For the saddle you could try tune komm vor or speednedlle, but it's a very personal choice... 143gr for an antares is very good. 

For racing i would never use alu bolts even on bottle cages. Titanium all the way.

For your type of ride and setup it's going to be difficult to shave weight without spending some serious money... i think you're fond of bigger tyres and wide rims so certainly there will be some tradeoffs...


----------



## Drider85 (Jan 12, 2009)

Extralite black lock for the front axle. Would a different rear shox save weight without to much of a performance hit?


----------



## Le Duke (Mar 23, 2009)

nunokas said:


> Hi.
> 
> For the saddle you could try tune komm vor or speednedlle, but it's a very personal choice... 143gr for an antares is very good.
> 
> ...


Yeah. While I am an XC racer, I ride some pretty brutal terrain sometimes. I'm trying to find a balance between light, functional and durable.

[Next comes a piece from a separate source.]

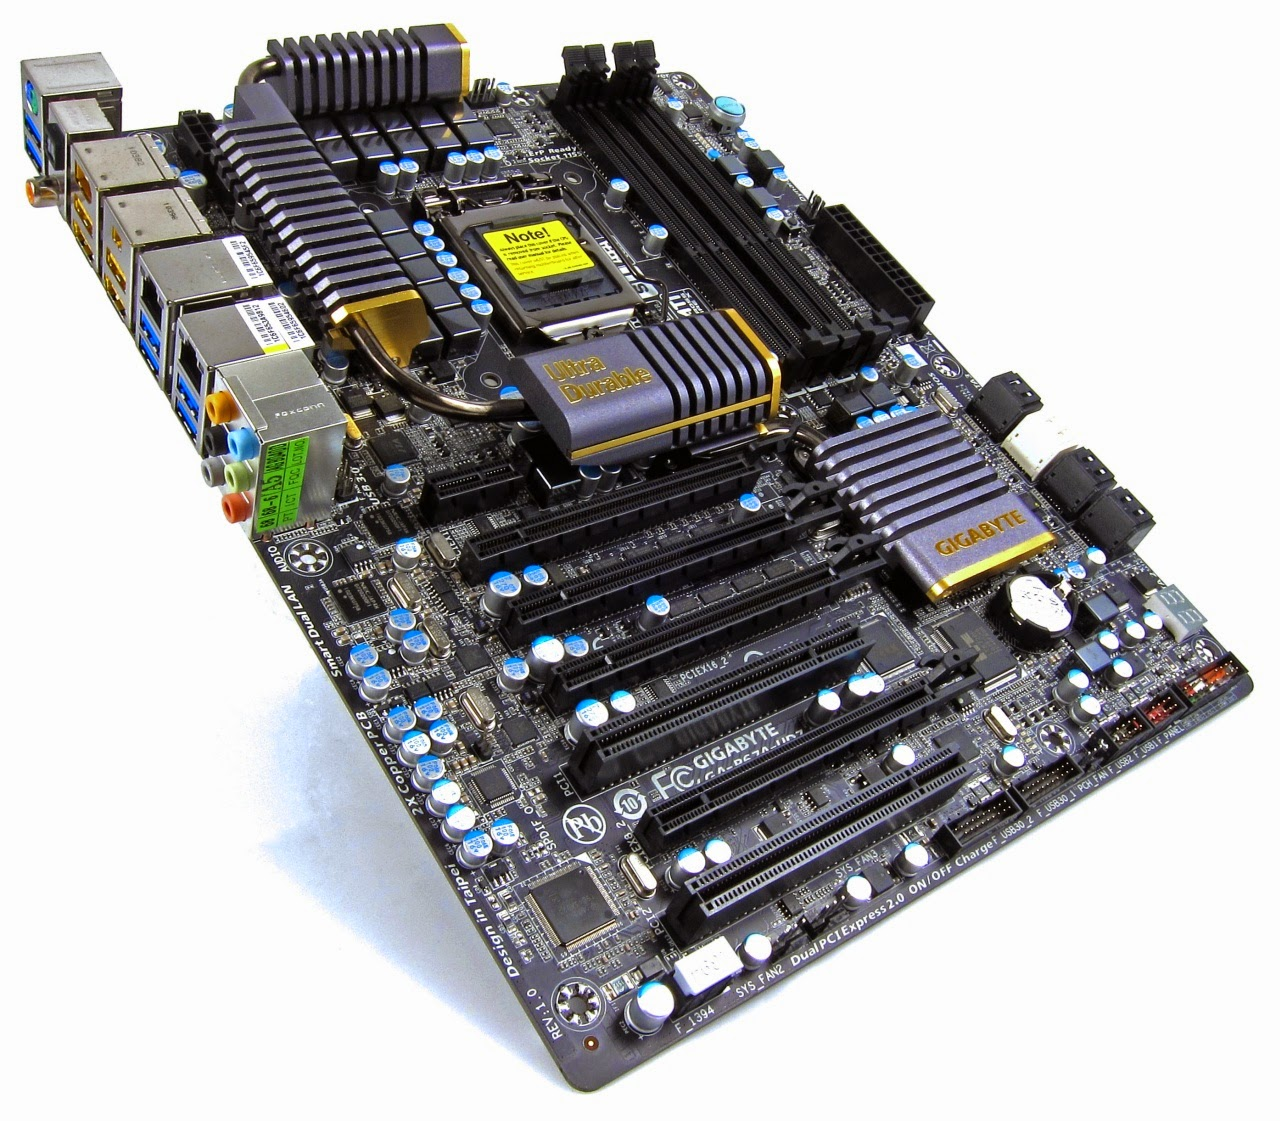 Daftar Processor Intel Socket 1150 Karmashares Llc Leveraging Core I5 2400 Tray Fan Ori 1155 Lga

I'll take a look at some light thru axles for the fork, some Ti bolts, and maybe some new bars.

I'm quite fond of the rear shock on this bike. The DPS is the real deal. Very little if any pedal bob, yet great performance.


----------



## nunokas (Aug 12, 2014)

Even on the bars (i'm a syntace user too), for your type of riding, it's difficult to find better than syntace on carbon...

A light (but expensive) shock like dtswiss X313 carbon but probabily without the "smothness" of fox


----------



## Seb K (Apr 21, 2009)

Lots of racers use alloy bolts for the bottlecages (although I use carbon bolts which are better) . Try it . 

Hands down MCFK bars can take the abuse of trail riding and are much lighter than Syntace . I would bet that MCFK is stronger than Schmolke .


----------



## diskox (Apr 19, 2014)

If 720mm would suit you, take a look at mt zoom 720mm bars. They have excellent feedback and aren't expensive. MCFK would be a bit lighter but more expensive and somewhat cheaper than Schmolke.

As for custom bar/stem combo, that could cost you around $200-300 just to join them or around $400 if you provide a bar and they make a custom stem. Regarding stem if 25 degrees would work then you have WSC 260 as an option but it's kinda ugly for my taste.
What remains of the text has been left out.